First, let's find cos(x/2) and sin(x/2) individually. We know that cos(x/2) = ±√(1+cosx)/2. So, substituting x = -π/6 into this identity, we have:
cos(-π/12) = ±√(1+cos(-π/6))/2
To find cos(-π/12), we can use the fact that cos is an even function, which means cos(-θ) = cos(θ). So, cos(-π/12) = cos(π/12).
Now, to find cos(π/12), we can use the unit circle or a calculator. By evaluating cos(π/12), we find that it is approximately 0.9659258263.
Substituting this value into the expression for cos(x/2), we have:
cos(x/2) = ±√(1+0.9659258263)/2
Simplifying further:
cos(x/2) = ±√(1.9659258263)/2
cos(x/2) = ±√0.9829629131
cos(x/2) = ±0.99145
Next, let's find sin(x/2) using the identity sin(x/2) = ±√(1-cosx)/2. Substituting x = -π/6, we have:
sin(-π/12) = ±√(1-cos(-π/6))/2
Again, using the fact that sin is an odd function, sin(-θ) = -sin(θ), we can rewrite sin(-π/12) as -sin(π/12).
To find sin(π/12), we can use the unit circle or a calculator. By evaluating sin(π/12), we find that it is approximately 0.2588190451.

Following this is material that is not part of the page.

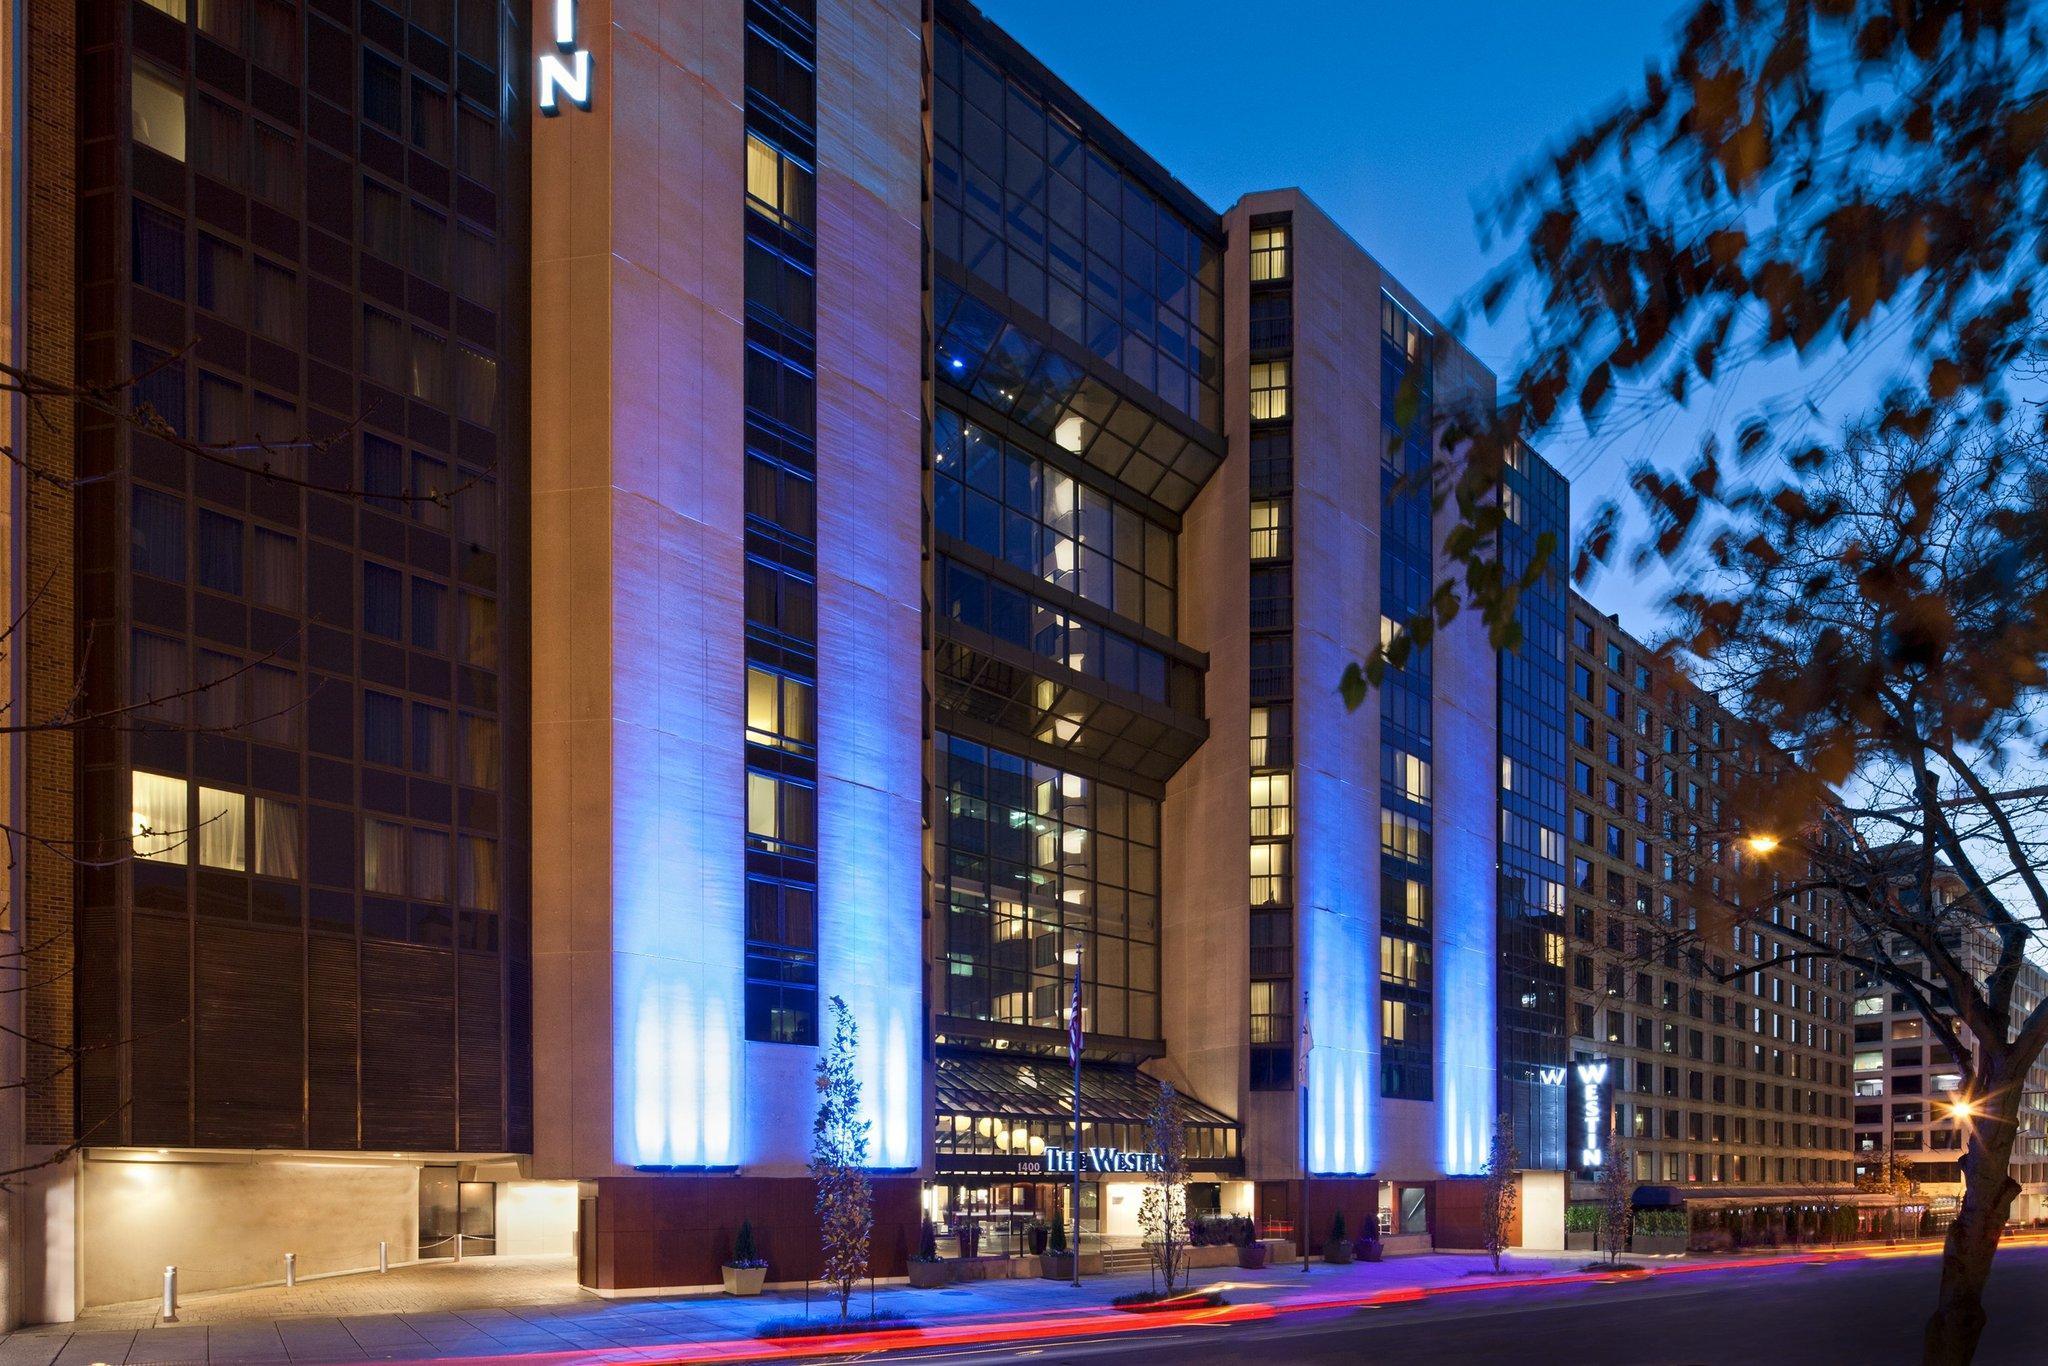 The Westin Washington, DC City Center image
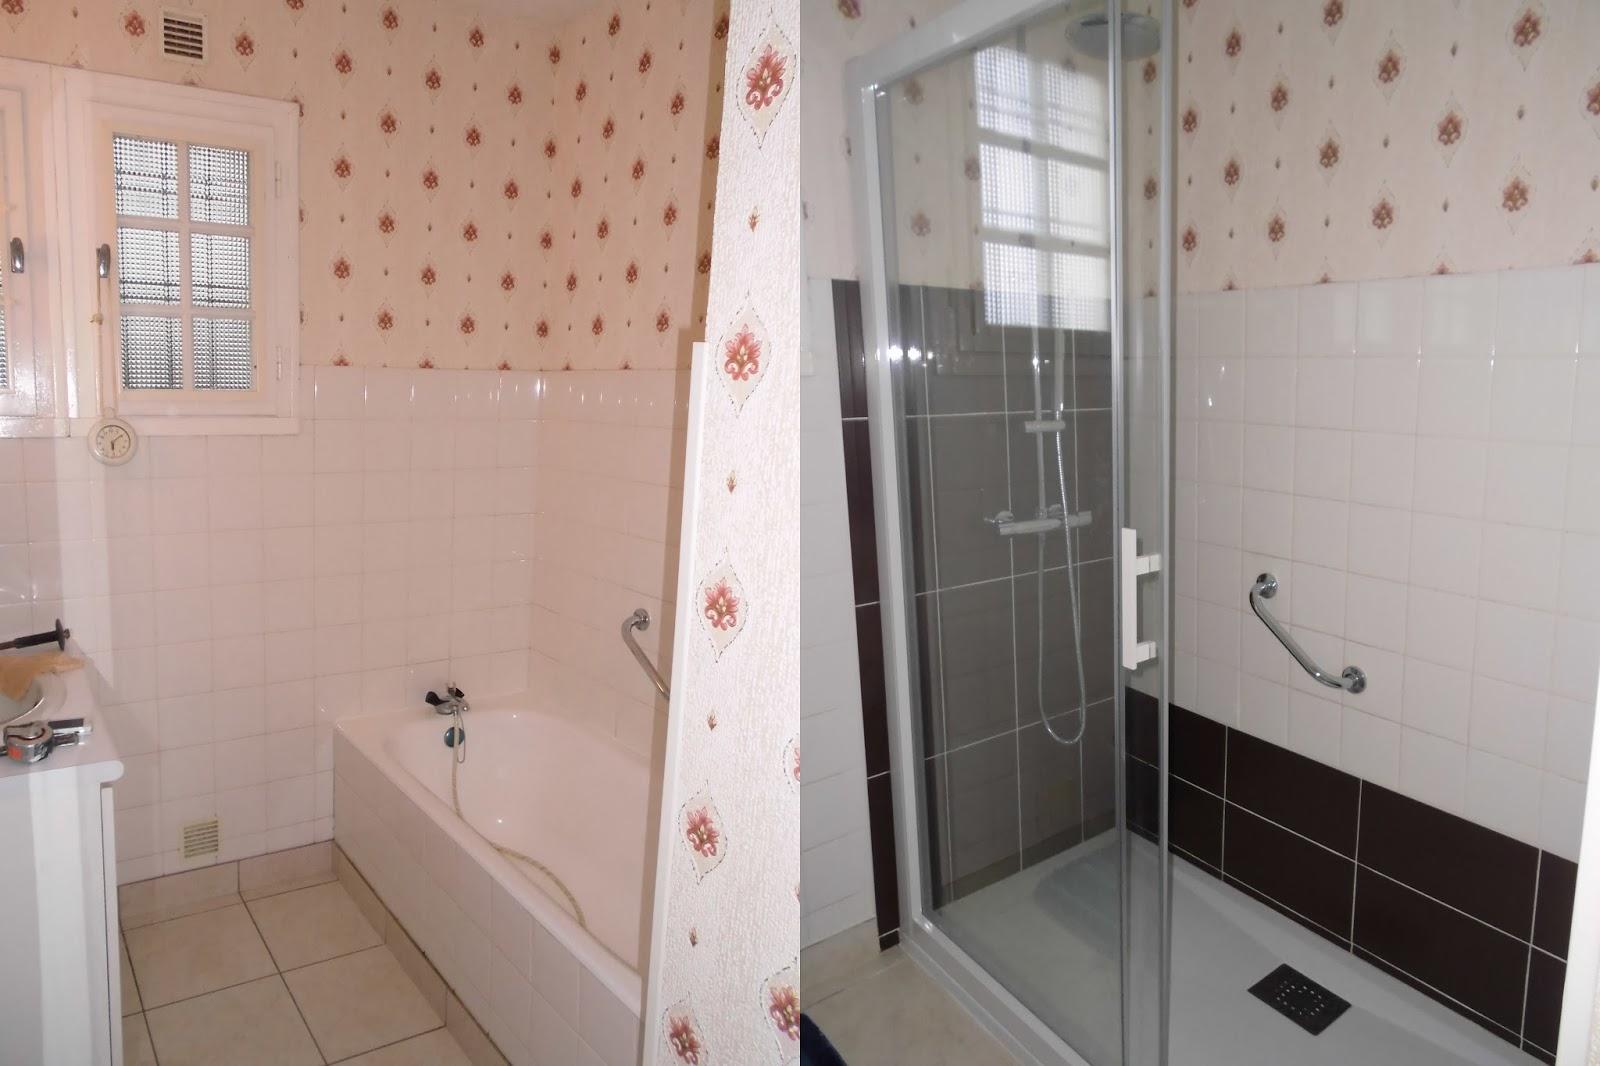 michel le coz agencement d coration avant apr s salle d 39 eau. Black Bedroom Furniture Sets. Home Design Ideas

Substituting this value into the expression for sin(x/2), we have:
sin(x/2) = ±√(1-0.9659258263)/2
Simplifying further:
sin(x/2) = ±√(1-0.9659258263)/2
sin(x/2) = ±√0.0340741737
sin(x/2) = ±0.18408
Finally, we can find 2cos(x/2)sin(x/2) by multiplying the expressions for cos(x/2) and sin(x/2):
2cos(x/2)sin(x/2) = 2 * 0.99145 * 0.18408
Evaluating this expression gives approximately 0.3649824.
Therefore, 2cos(x/2)sin(x/2) when x = -π/6 is approximately 0.3649824.